At 0943 GMT, shares in Siemens were up EUR0.39, or 0.6%, at EUR67.30.

Siemens said the merged operations will generate annual sales of EUR5 billion and have about 43,000 employees, as it folds in its software development businesses in India and Austria, Greece and Switzerland. It will rename the business into Siemens IT solutions and Services, or SIS, from its current name, Siemens Business Services, or SBS.

"SIS will enable us to serve both our external customers and Siemens units even better," Kleinfeld said. The company added that Siemens' internal IT systems will be integrated with the group, "which will make its businesses more cash flow and profit-oriented overall."

The company said that revamp should be concluded by January 2007.

Siemens said it will continue its earlier announced turnaround efforts of the IT services business, including the aim to cut EUR1.5 billion in costs by spring 2007. But the company added that it is still in talks with employee representatives and the labor union IG Metall to achieve these targeted cost savings.

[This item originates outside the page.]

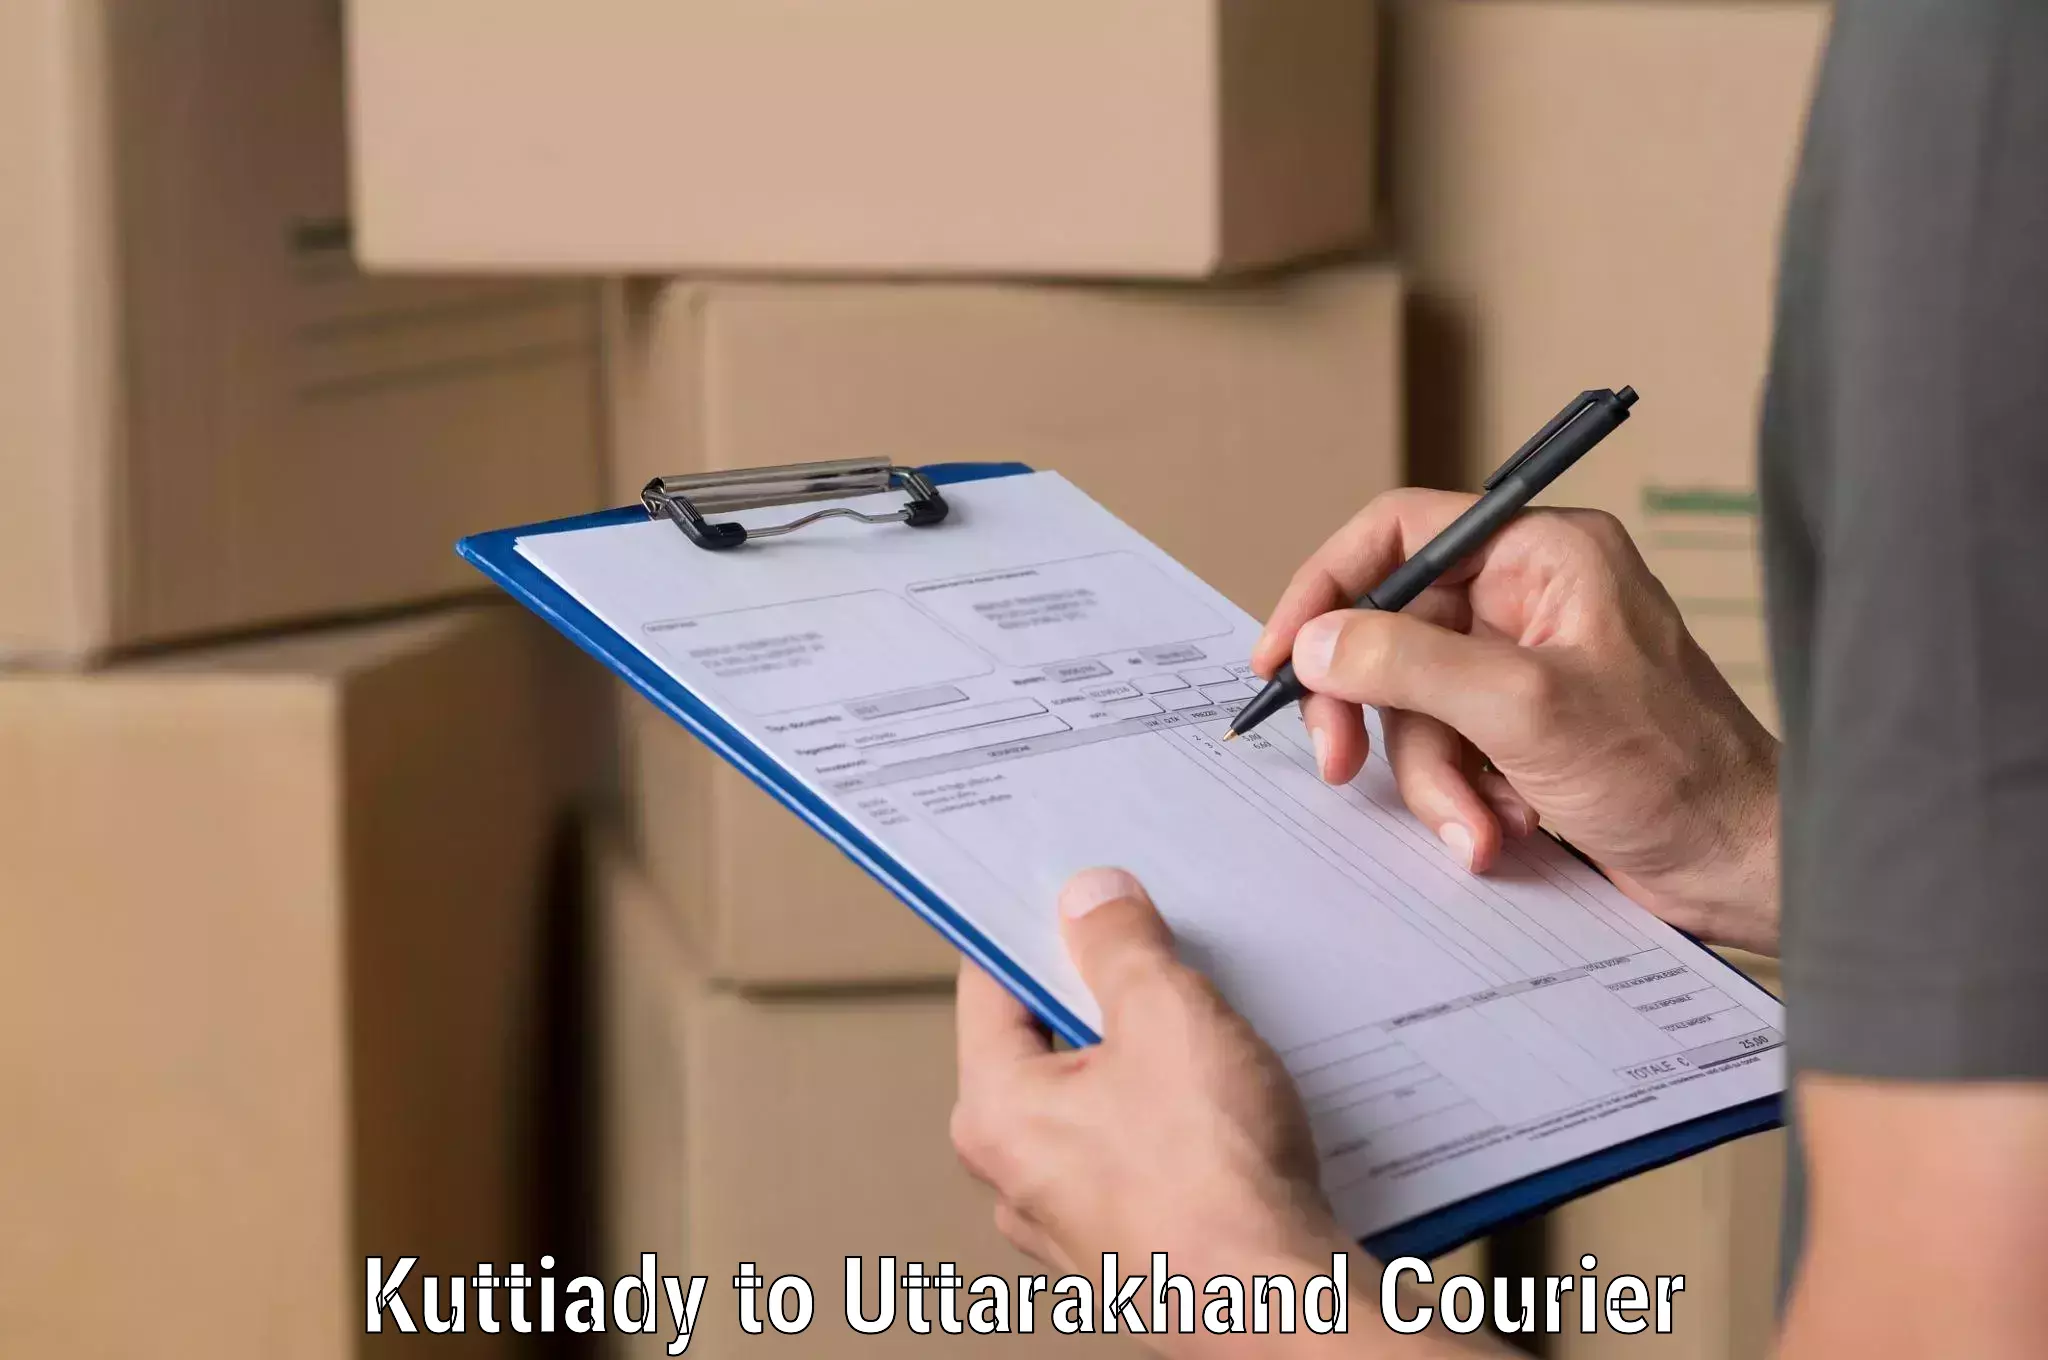 Large-scale shipping solutions Kuttiady to Bhagwanpur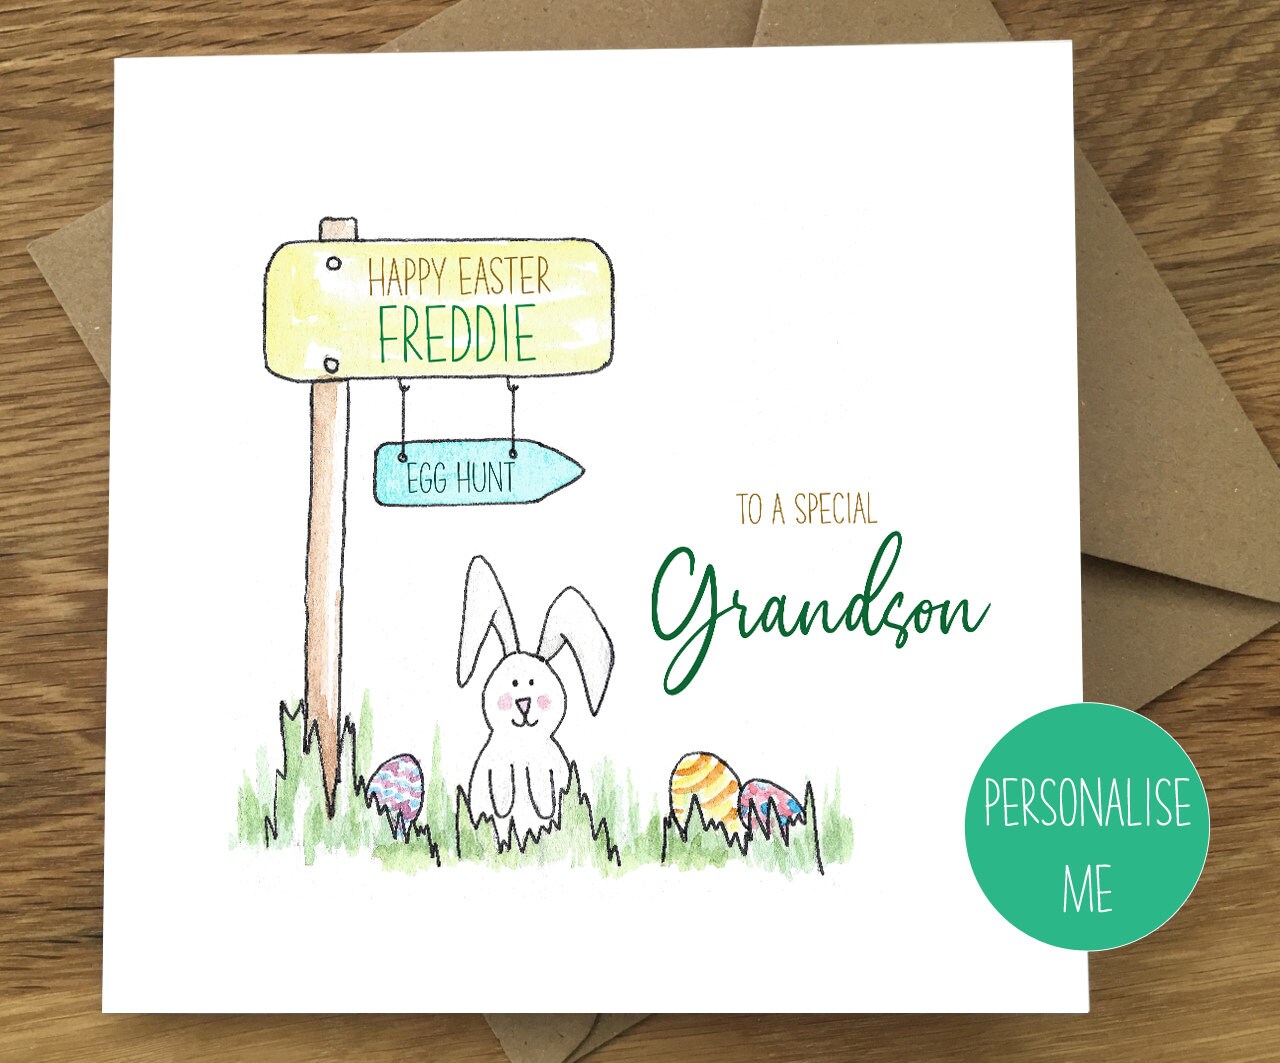 Pack of 10 Cute Fun Design Easter Cards and Envelopes Ideal for Kids Exclusive Limited Edition by Greetingles

Siemens, Europe's largest engineering and technology company by sales, targets an operating profit margin for its IT services unit of 5% to 6%, to be achieved by spring 2007. SBS posted an operating loss of EUR99 million in its fiscal third quarter, which ended on June 30.

Analyst Frank Rothauge of Frankfurt-based bank Sal. Oppenheim said that it remains to be seen how this new plan by Siemens will play out for its IT services unit, while he also said that he isn't convinced whether Siemens can actually achieve the targeted cost savings. Rothauge has a buy rating on Siemens.

Siemens had already folded the hardware services part of SBS, which provides maintenance services including computer repairs and help desk operations, into its IT joint venture Fujitsu Siemens Computers, which it jointly owns with Japanese technology company Fujitsu.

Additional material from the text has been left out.